::: COLLECTED DATA

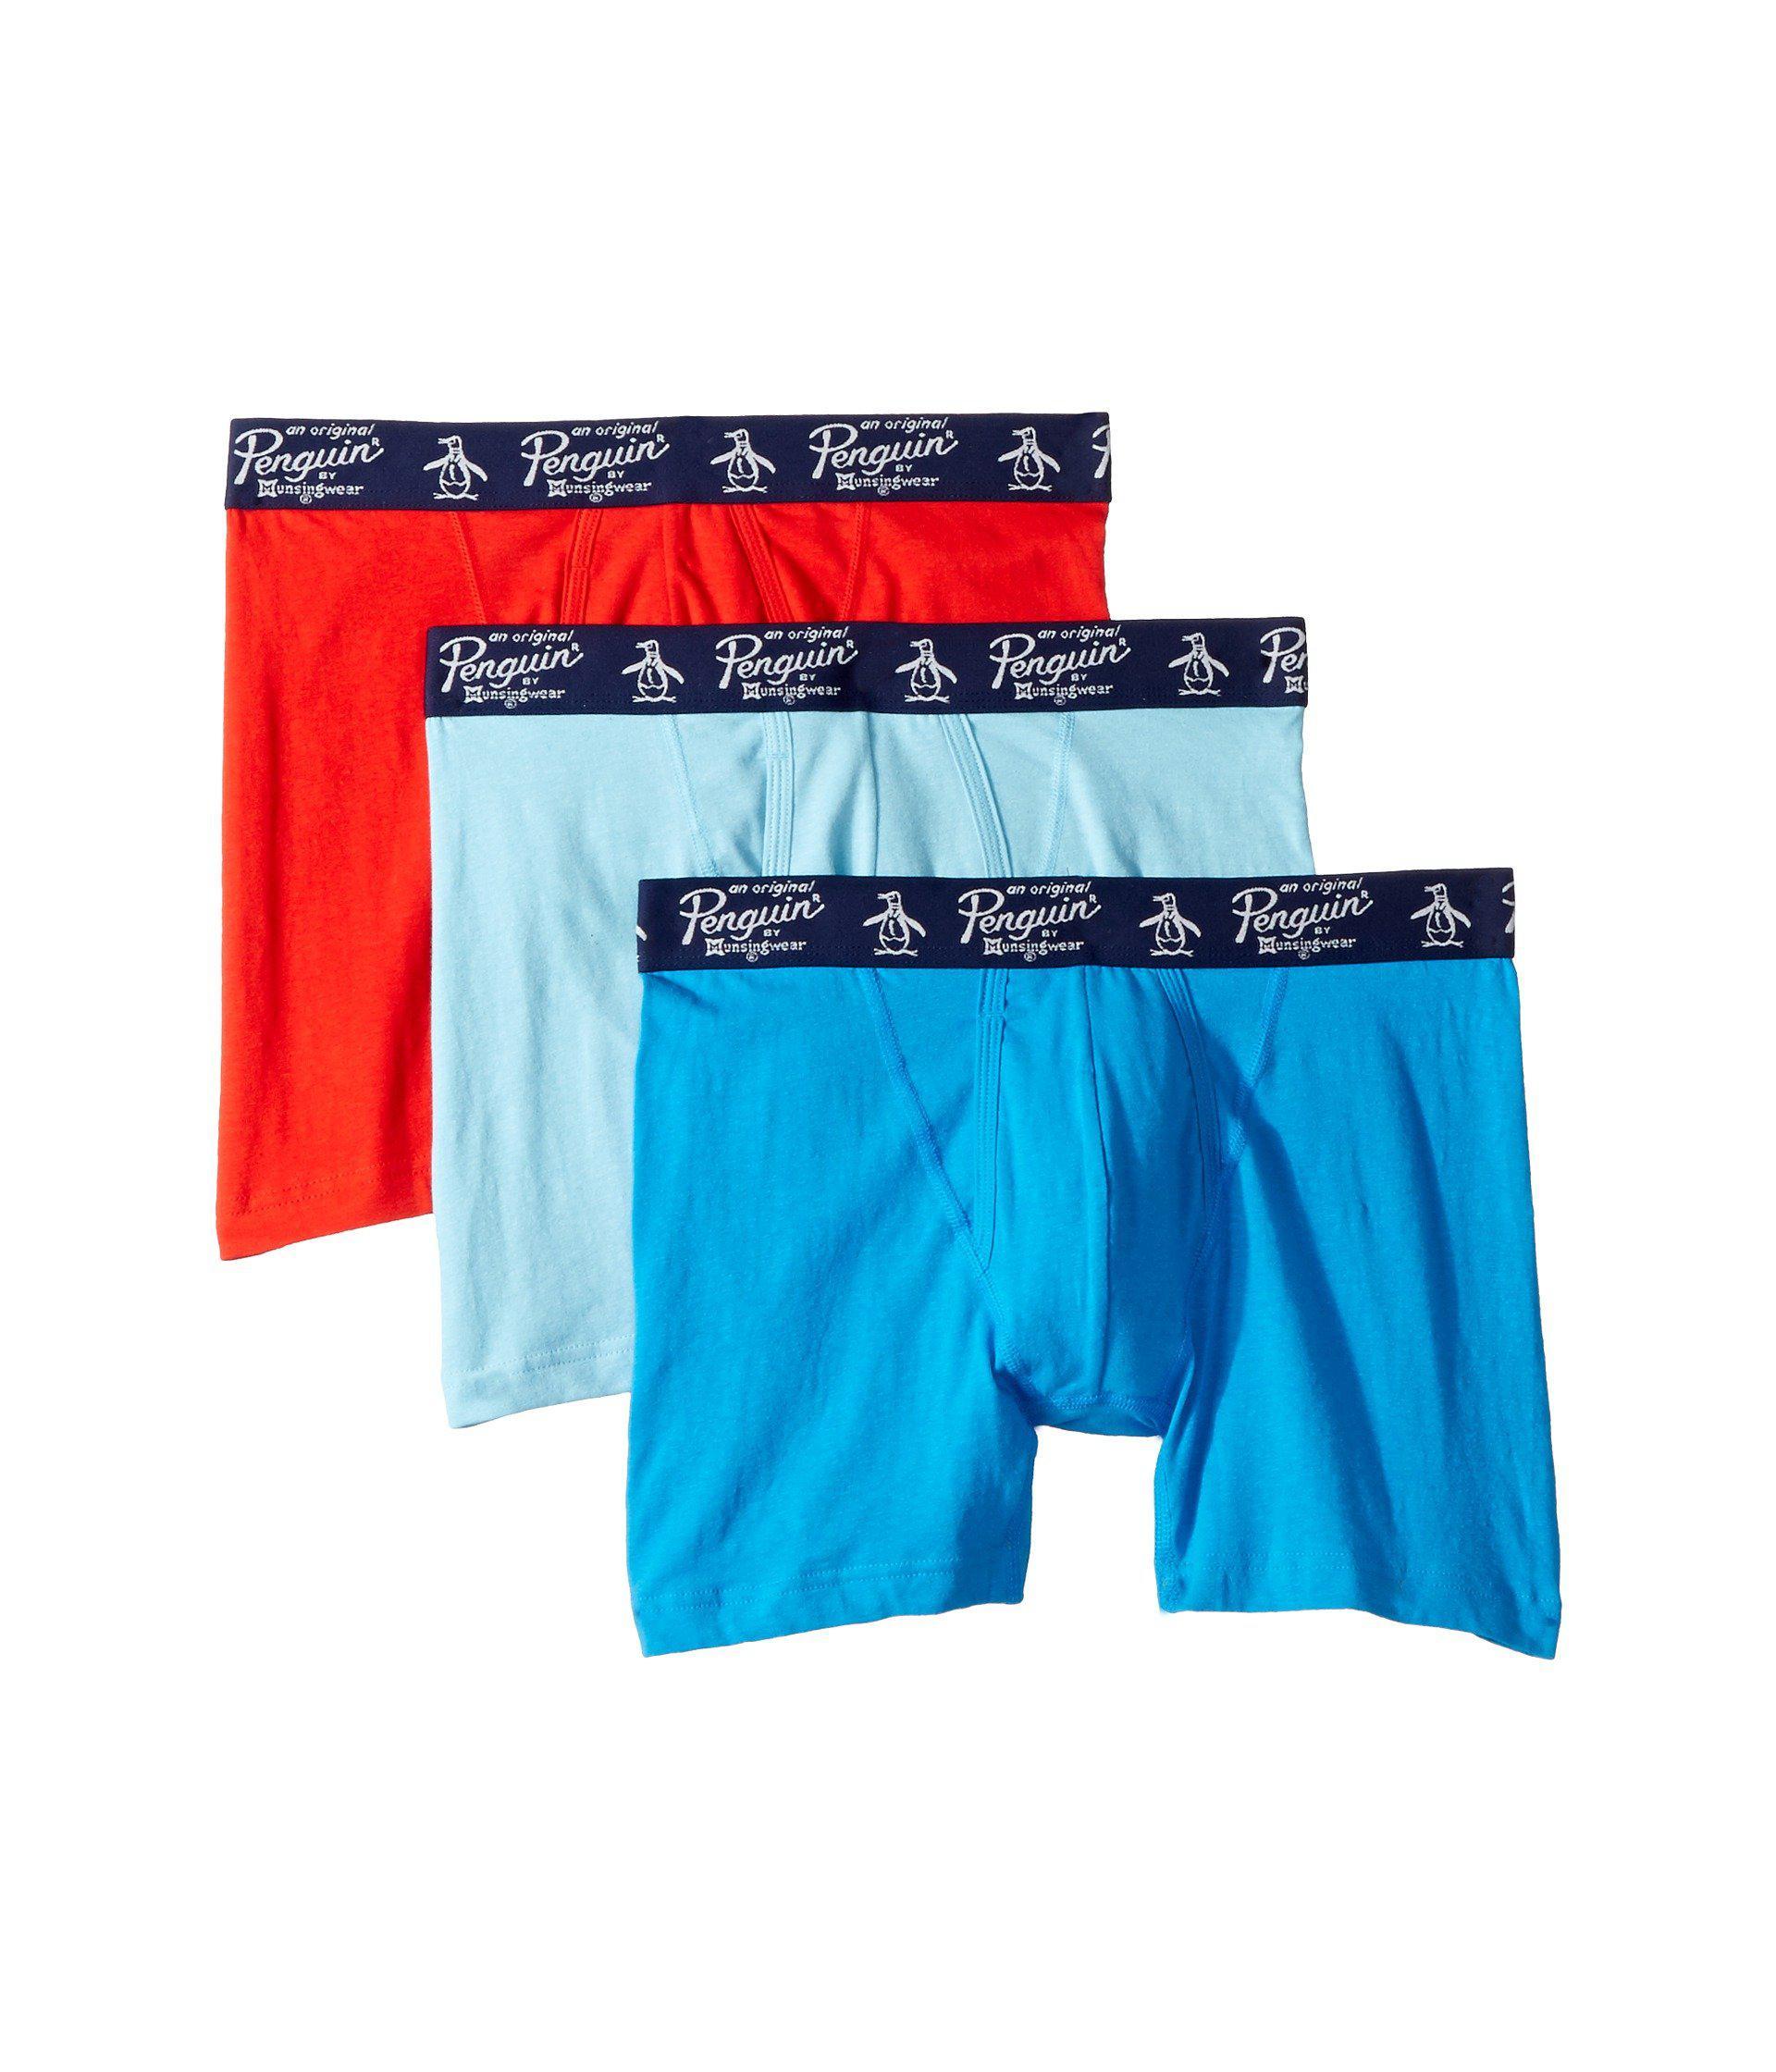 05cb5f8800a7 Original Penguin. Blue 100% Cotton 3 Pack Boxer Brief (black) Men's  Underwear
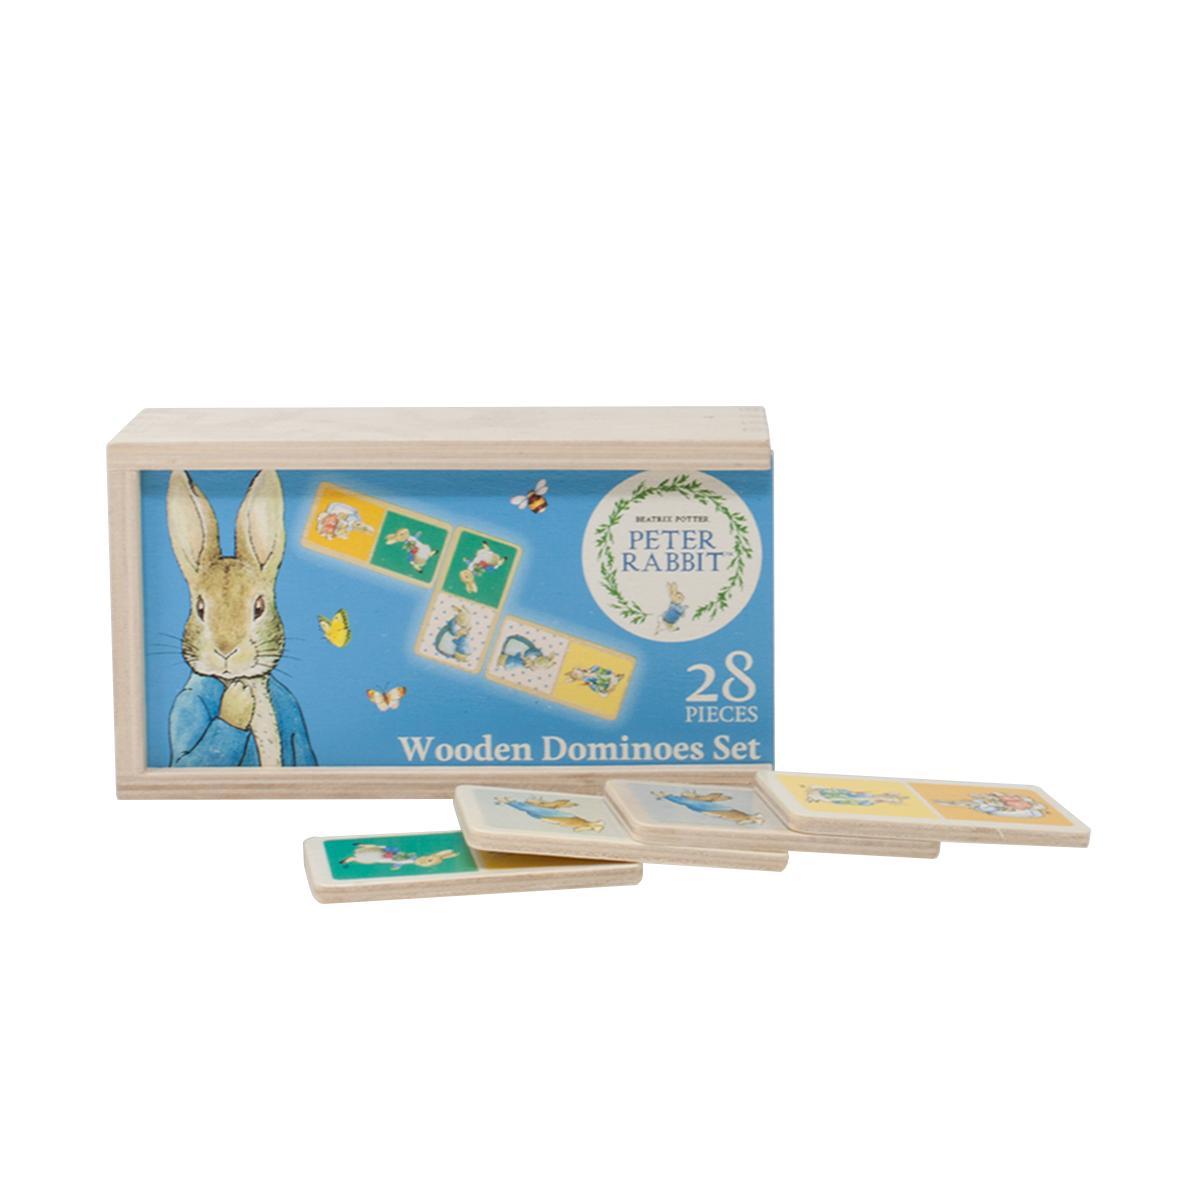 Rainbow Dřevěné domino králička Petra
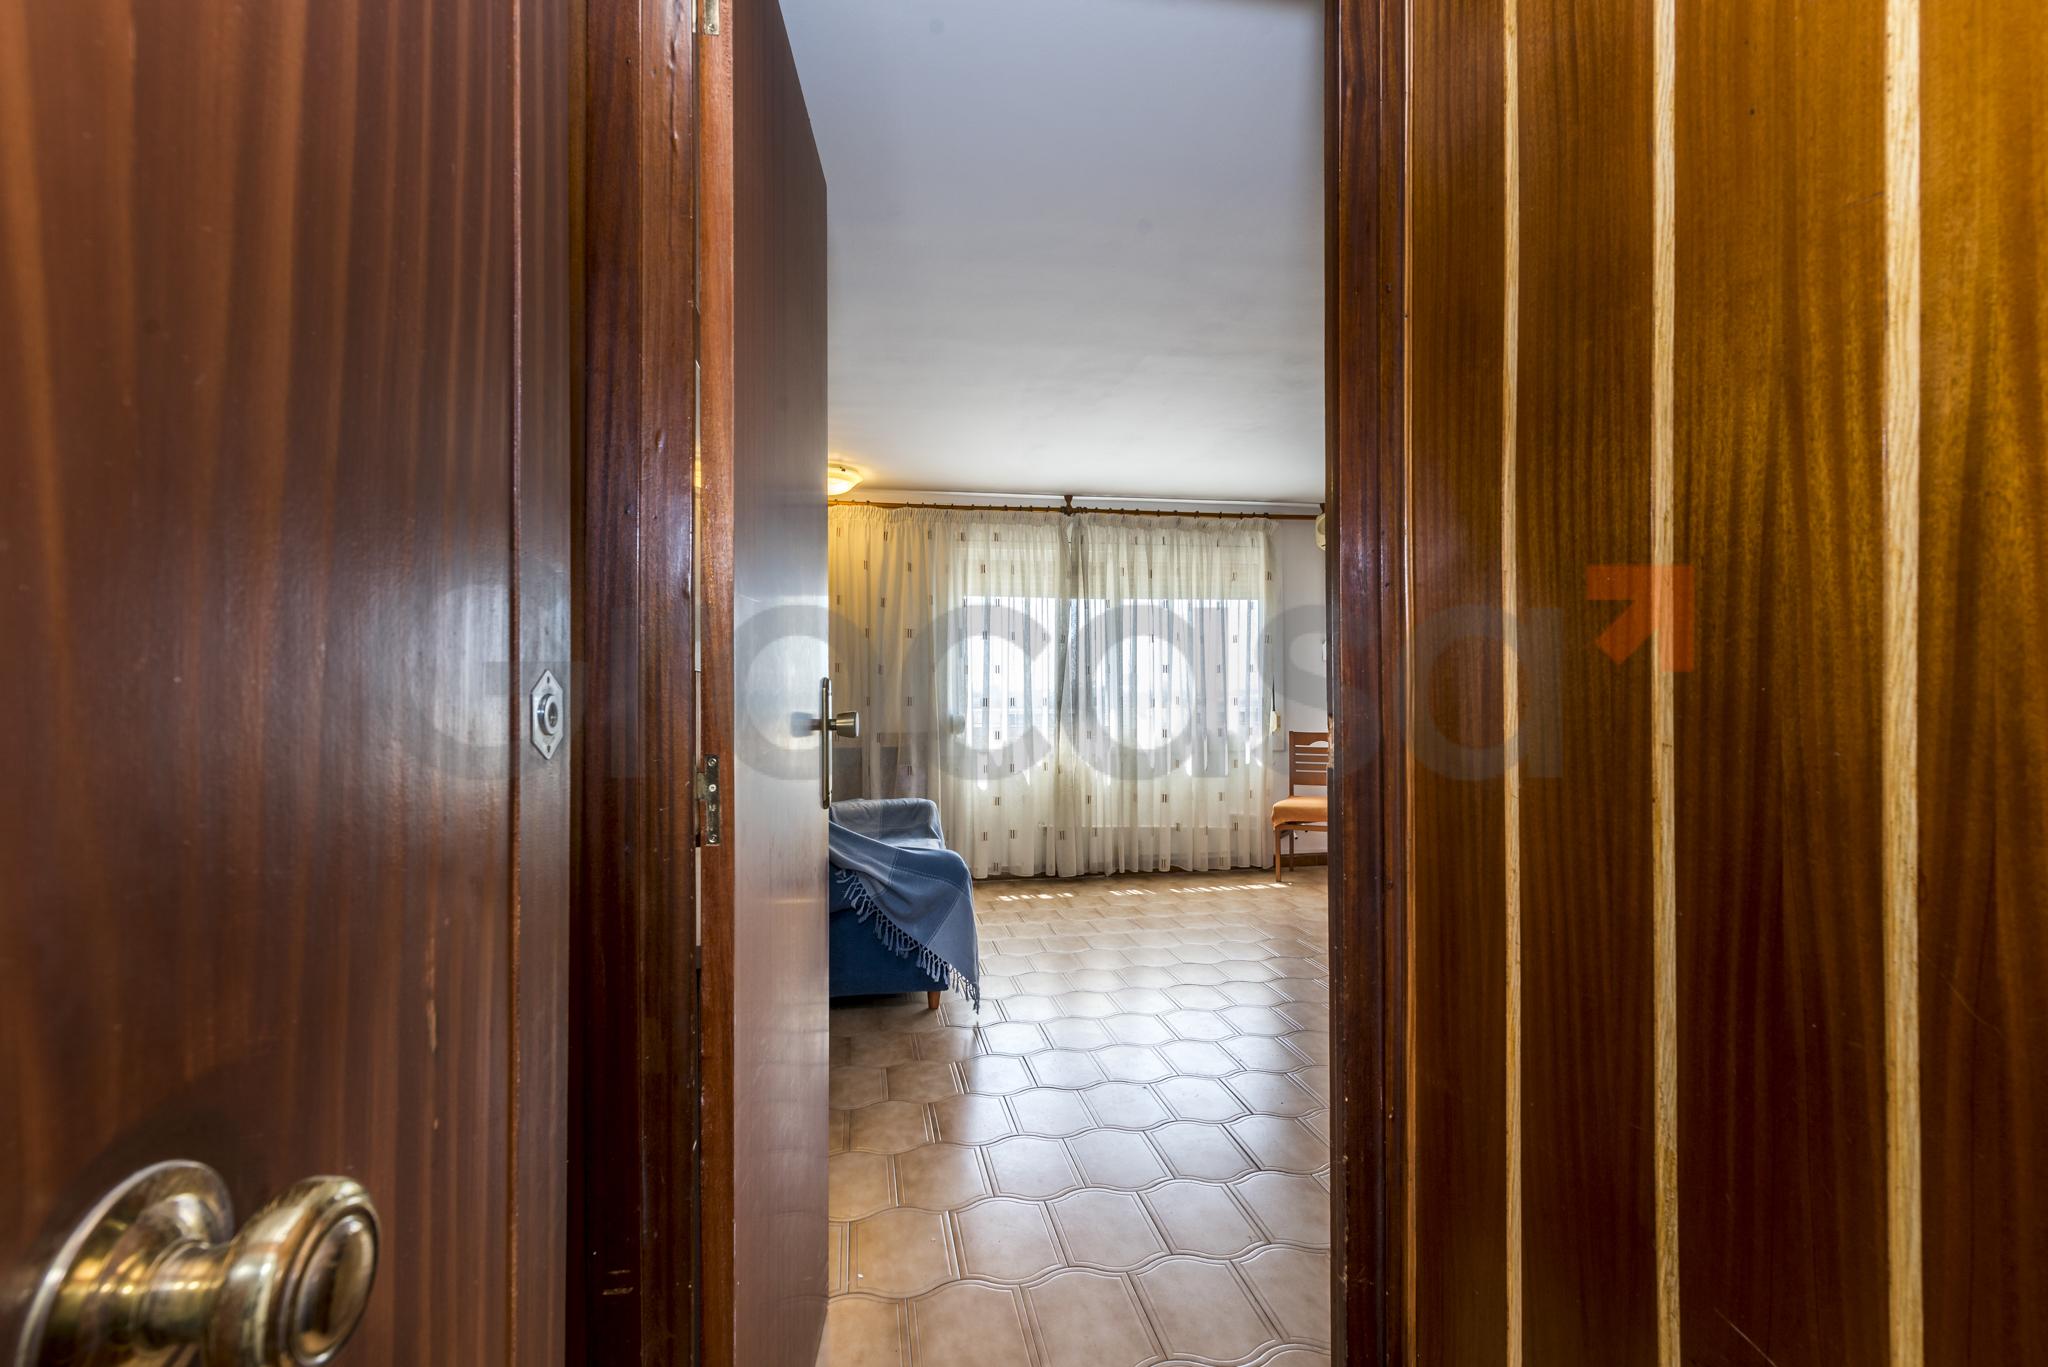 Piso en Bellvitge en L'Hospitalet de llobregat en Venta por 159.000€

::::::

• _AIM OF THE EXERCISE_:
Please print the listing above again word for word, without its pictures.

• _ANSWER TO THIS PROBLEM_:
 05cb5f8800a7 Original Penguin. Blue 100% Cotton 3 Pack Boxer Brief (black) Men's  Underwear
 Rainbow Dřevěné domino králička Petra
 Piso en Bellvitge en L'Hospitalet de llobregat en Venta por 159.000€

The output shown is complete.